Now that there is no land left to be homesteaded, how can Americans expect to recover the autonomy in economic life which, according to Lasch, guaranteed the country’s moral and political health? Dreher seems to think a solution may be found abroad, but—to say nothing of the examples he fixes on—the matter is difficult. We cannot find in other countries ready-made solutions to our problems which can simply be copied with a few modifications, as Dreher seems to suggest. Instead, we must inquire how other countries manage to find in their national repertoire what is necessary to address new problems. We must judge the results of these efforts: what has been gained? At what cost?

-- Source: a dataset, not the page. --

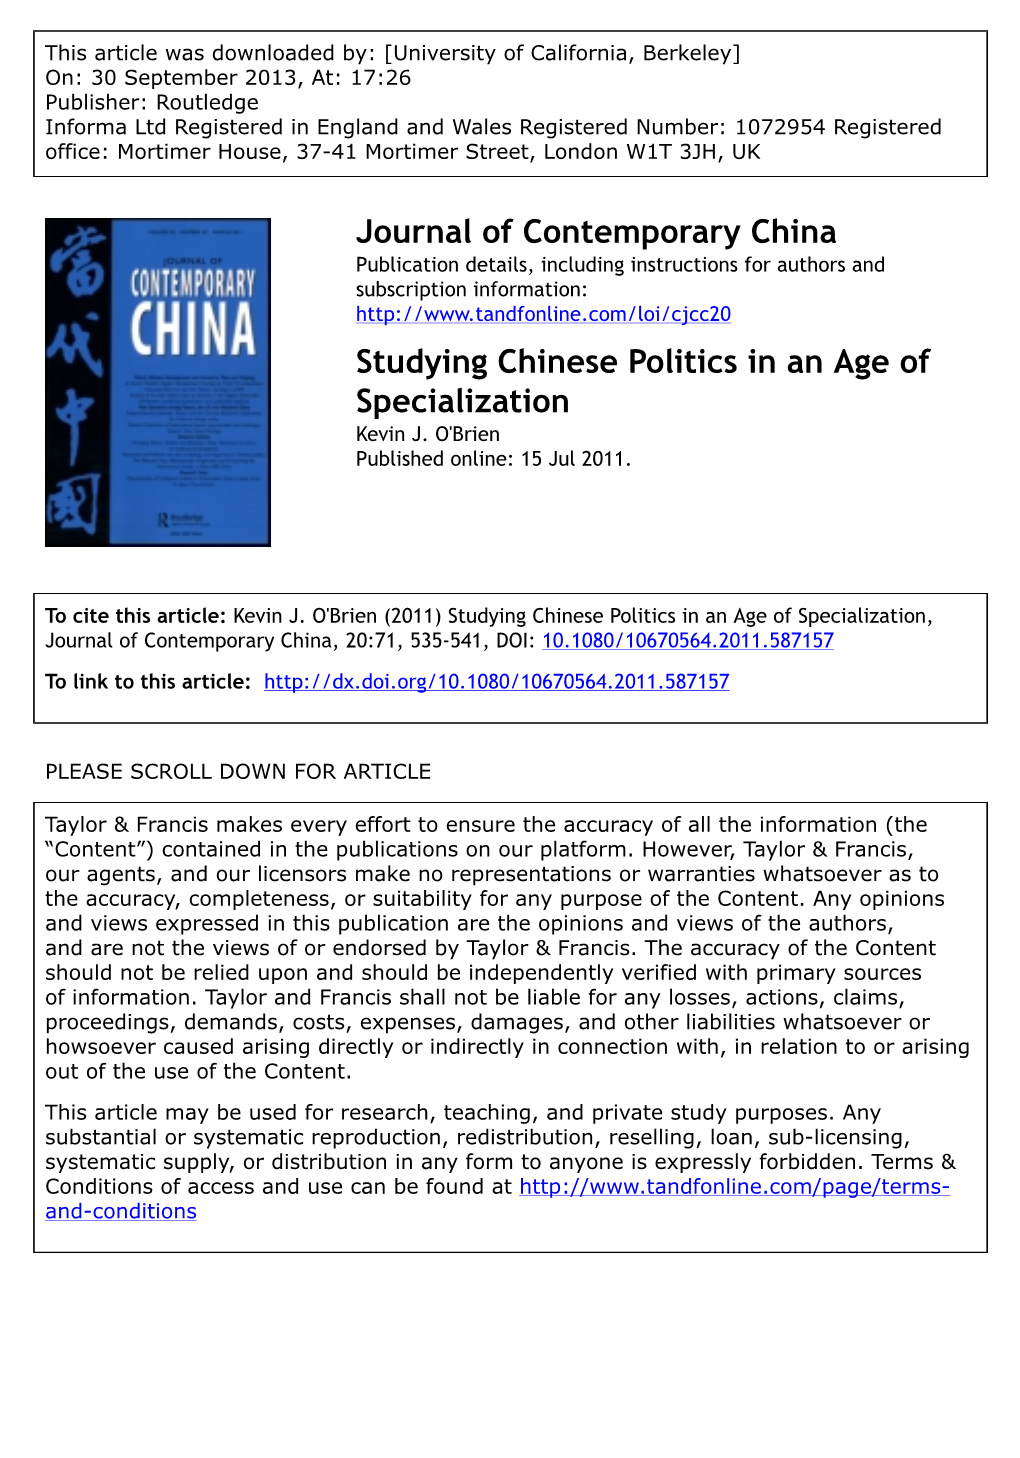 Journal of Contemporary China Studying Chinese Politics in an Age

Only such an approach will help us address to our own challenge with our different national repertoire. A great part of that challenge lies in adapting Americanism to a landscape that makes dependence inevitable. No longer the autonomous moral creatures of Lasch’s writing—if indeed they ever were—Americans today depend on very much: on their employers, on tech companies and their platforms, on the rapidly changing moral rules on speech and conduct generated in elite circles, on federal business loans and checks to compensate for coronavirus damage, on global supply chains that rely on foreign countries hostile to the American worldview, and so on.

The economic, political and intellectual institutions capable of resolving the current crisis will not look like those of the 19th century, at least in form, but we can be confident they will look distinctively American. These institutions must, in order to succeed, appeal successfully at some level to the national philosophy that Lasch’s predecessor, the American historian Richard Hofstadter, called the “American political tradition.” Like the Progressives and New Dealers, like Reagan and even like Trump, the next exponents of this tradition will have no choice but to dress up new doctrines in the garb of old ones, to greater or less effect.

This will be necessary because even the elites that Lasch so despised remain Americans at heart. His assertion that they have “more in common with their counterparts in Brussels” than their countrymen is exactly wrong. Every European knows that the American who reads the New York Times is no less American in philosophy and outlook than the one who watches Fox News. America’s divisions between red and blue are real, but they continue to be best understood as a narcissism (a familiar word for Lasch) of small differences.